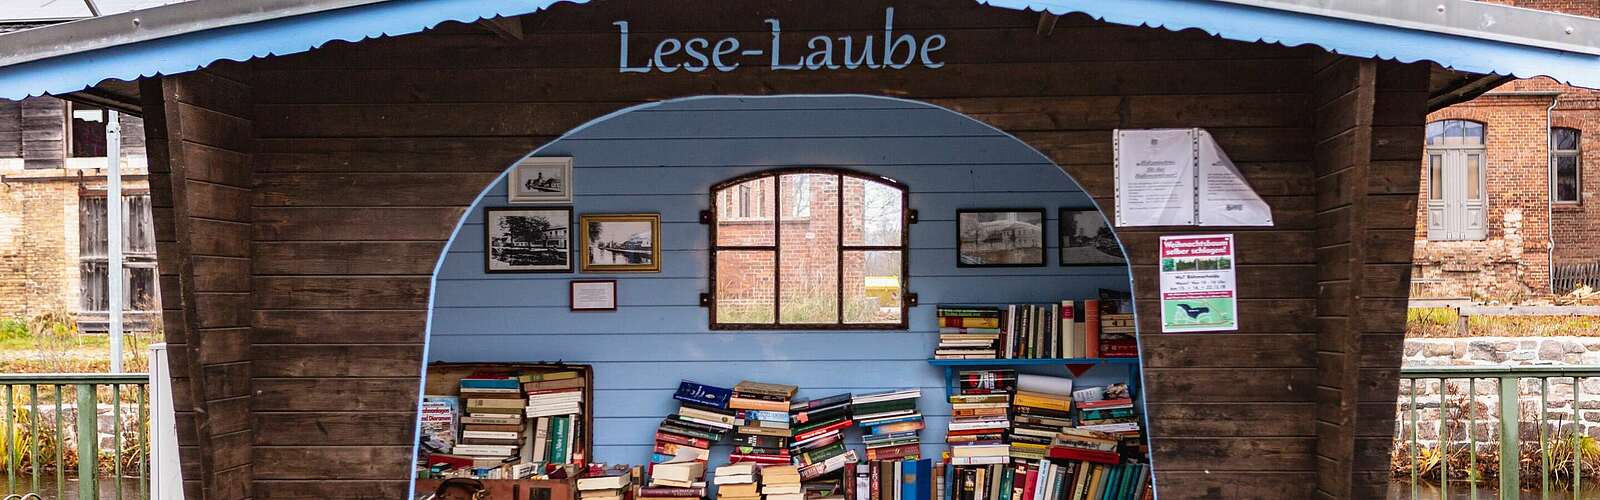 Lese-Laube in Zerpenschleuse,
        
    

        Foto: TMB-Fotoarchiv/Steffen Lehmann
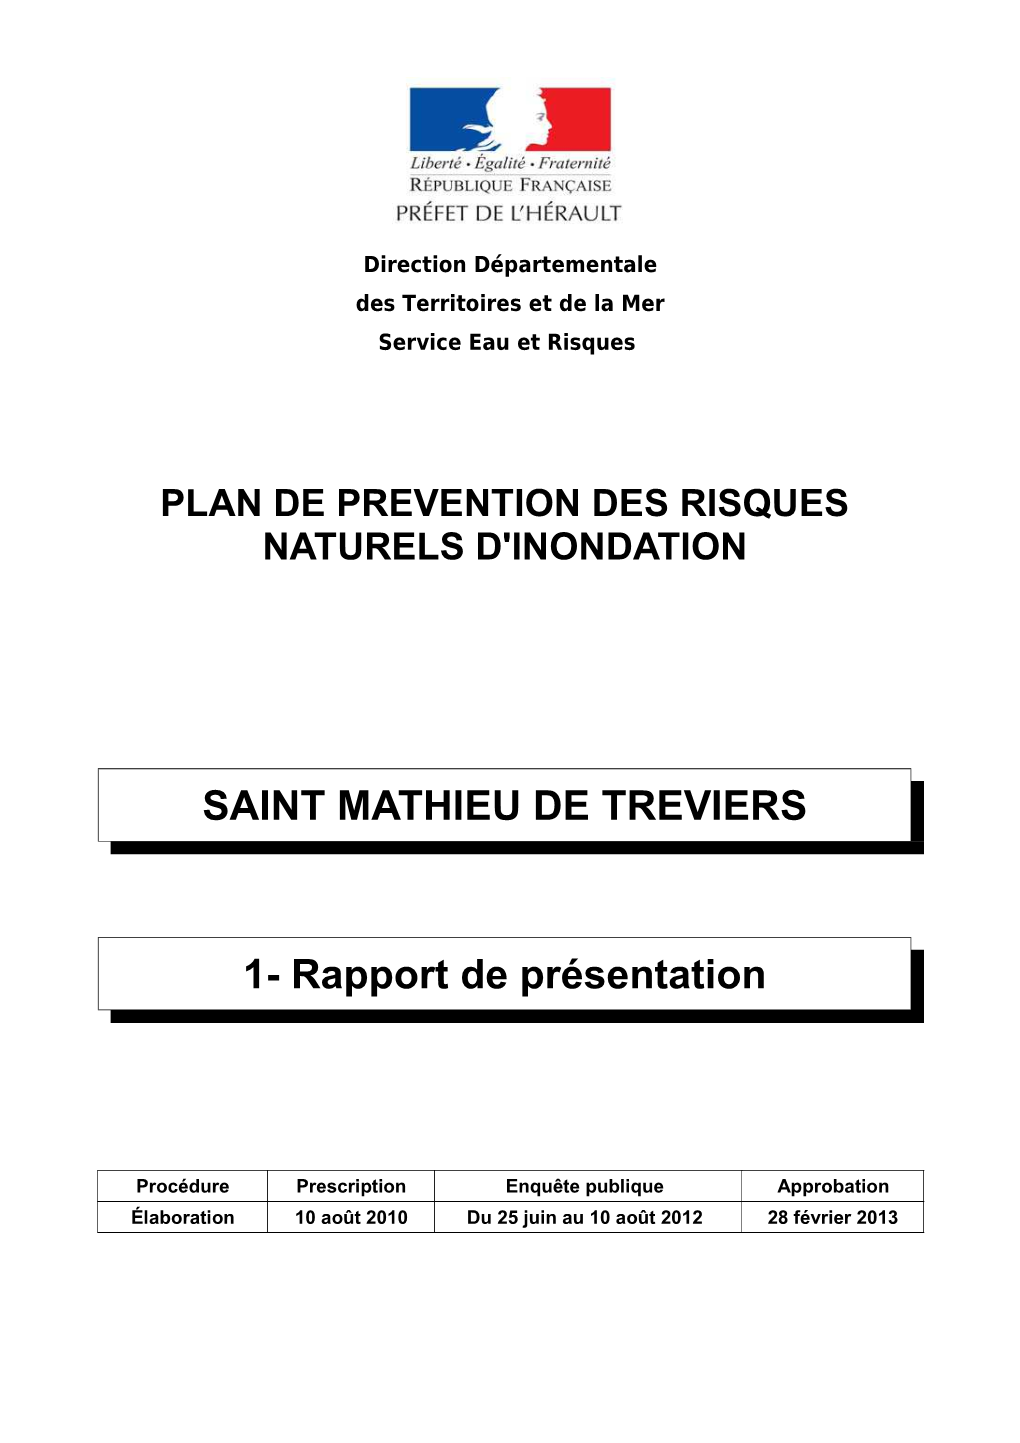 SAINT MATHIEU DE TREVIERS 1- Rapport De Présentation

------------------------------------------------------------------------

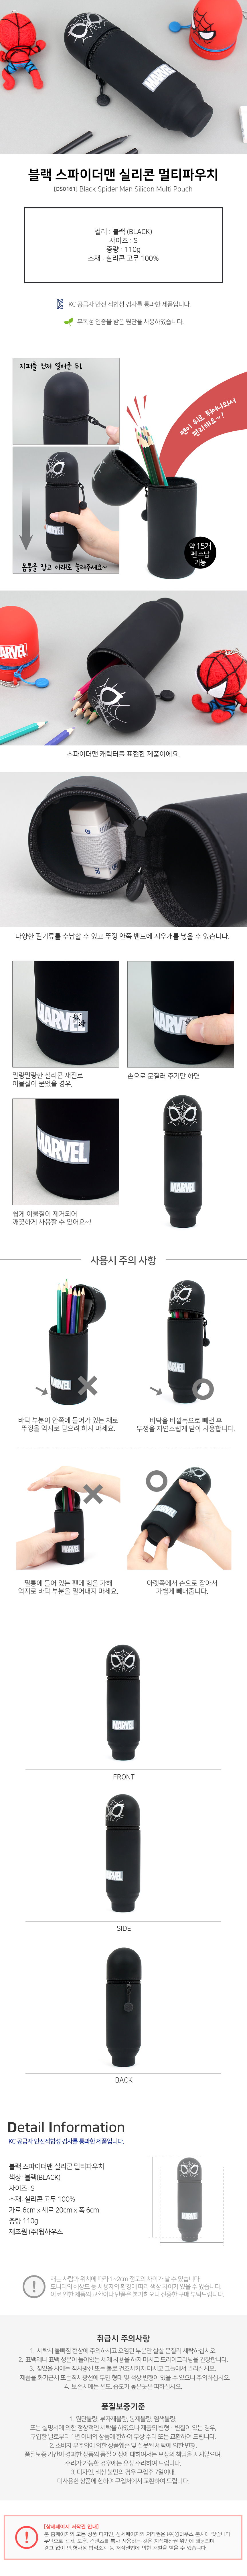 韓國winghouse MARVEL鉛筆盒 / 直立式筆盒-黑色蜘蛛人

------------------------------------------------------------------------

**Your assignment**
Using the records above, repeat exactly the run of lines that starts with the line with "Foto: TMB-Fotoarchiv/Steffen Lehmann" and goes on through the line with "SAINT MATHIEU DE"; omit each picture.

**Task solution**
        Foto: TMB-Fotoarchiv/Steffen Lehmann
 SAINT MATHIEU DE TREVIERS 1- Rapport De Présentation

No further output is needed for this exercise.